Tanpınar’a Huzur Yok | 22. Bölüm | Kimliğinden uzaklaş, kendine yaklaş

Tanpınar’a Huzur Yok | 22. Bölüm | Kimliğinden uzaklaş, kendine yaklaş

Kesik kulaklarıyla ve suratındaki yırtık bir maskeye benzeyen lekeyle kabuslardan fırlamış gibi görünen dev köpek, hoplayıp zıplarken bir inliyor, bir hırlıyor. Sahibine karışık duygular besliyor besbelli; onun buruşuk derisini hırsla parçalayıp etini kemiğini çatır çutur yesin mi, zalimane şakalarına katlanıp yorulmasını mı beklesin?

 

Dost bî-pervâ felek bî-rahm devrân bî-sükûn

Derd çok hem-derd yok düşmen kavî tâli’ zebun*

[FUZULÎ, 1483-1556]

 

TELHİS [ÖZET]

1959… Ahmet Hamdi Tanpınar mahzun ve yalnız bir yazardır. Eserlerinin ilgi görmemesi, anlaşılmaması ve memleketin hali onu üzmektedir. Bahtiyar Kont adlı, Londra’da öğrenim görmüş milyoner bir koleksiyoner, Tanpınar’a yakınlık gösterir. Kısa sürede dost olurlar. Bahtiyar Bey, Tanpınar’ın aksine son derece iyimser, ümitvar ve neşelidir. Zamanla, Bahtiyar’ın hoşnutluğu Tanpınar’a sirayet eder. Her şey iyiye giderken, Bahtiyar Kont öldürülür. Tanpınar, baş-şüphelidir. Cinayet silahında onun parmak-izleri vardır. Fatin Fantom adlı polis şefi, Tanpınar’ın peşine düşer. Bu arada entelektüel ve gizemli dilber Nermin Mermi, Yazar’a bir mektup gönderir. Rus asıllı meyhane şarkıcısı Nastasya Flippovna ise aynı anda hem Fatin Bey’in hem Tanpınar’ın alakasını celbetmiştir. Tanpınar, üstüne yıkılan suçun failini bulmak üzere harekete geçer. Dostunu kimin, neden öldürdüğünü bulabilecek midir? Derken, Bahtiyar Kont’un hayaleti çıkagelir ve neşesini kaybetmiş yazarın karşısına dikilir…

 

***

Can çekişen bir balina misali ilerleyen feribot, yavru örümceğin ördüğü ağ inceliğindeki sabah sisini dağıtıp, Çamlıca sırtlarından yükselen azametli güneşin ışıklarıyla sıvanarak Üsküdar sahiline yanaştığında saat 6.45’ti.
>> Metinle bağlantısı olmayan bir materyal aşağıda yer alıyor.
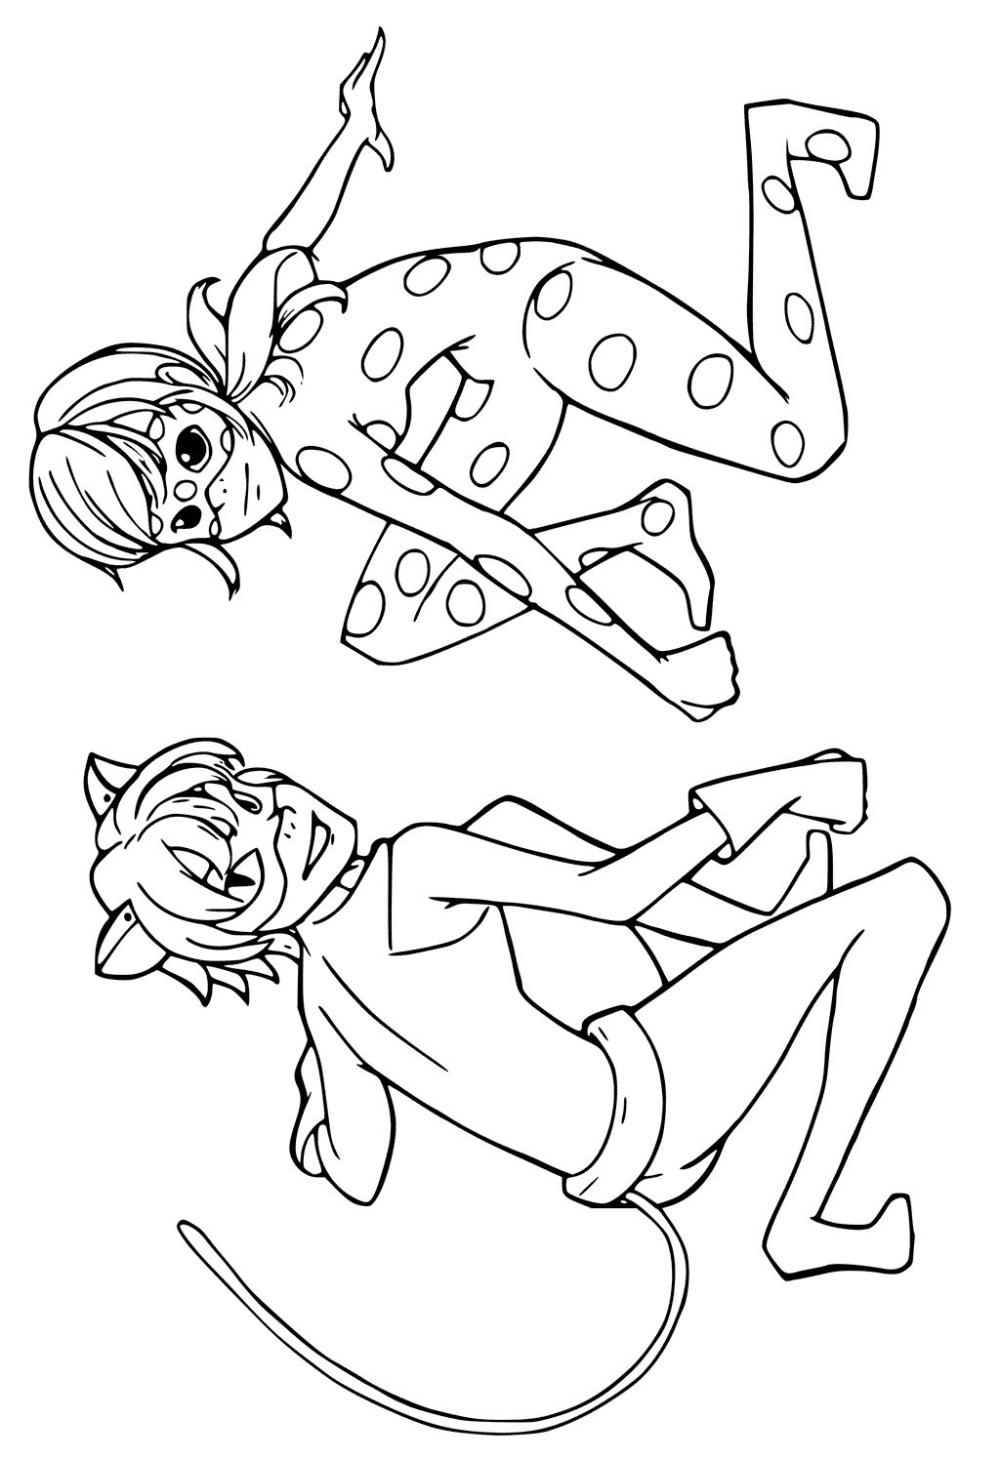 Miraculum Biedronka Czarny Kot Kolorowanka In 2020 Ladybug Coloring Page Coloring Pages Bug Coloring Pages

Chrysler’le, yamaçlardan taşan iri güllerin rayihalı gölgeleri ile dibine bakır levhalar döşenmiş denizin arasından geçiyorum. Yemyeşil yamaçlardan yükselen rengarenk kuşlar, bulutların çevresinde daireler çizip minareden minareye çizgiler çekiyor. Baharın düşsel geometrisi.

Hayalet Kont yanımda. “Bilecik sizin olacak. Tümüyle. Fakat Bilecik’ten hiç çıkmayacaksınız!” diyor. Refikimin pek sevdiği ‘şartlı teklif’ oyunu bu. Farazi [varsayımsal] teklifi, muhatabın değerlendirmesi, yorumlaması gerekiyor. Sağlığında böyle garip huyları yoktu. “Bilecik herşeyiyle size tapulanacak. Şehri dilediğiniz gibi biçimlendirebileceksiniz. Oranın siyasi lideri de sizsiniz; düşünün_”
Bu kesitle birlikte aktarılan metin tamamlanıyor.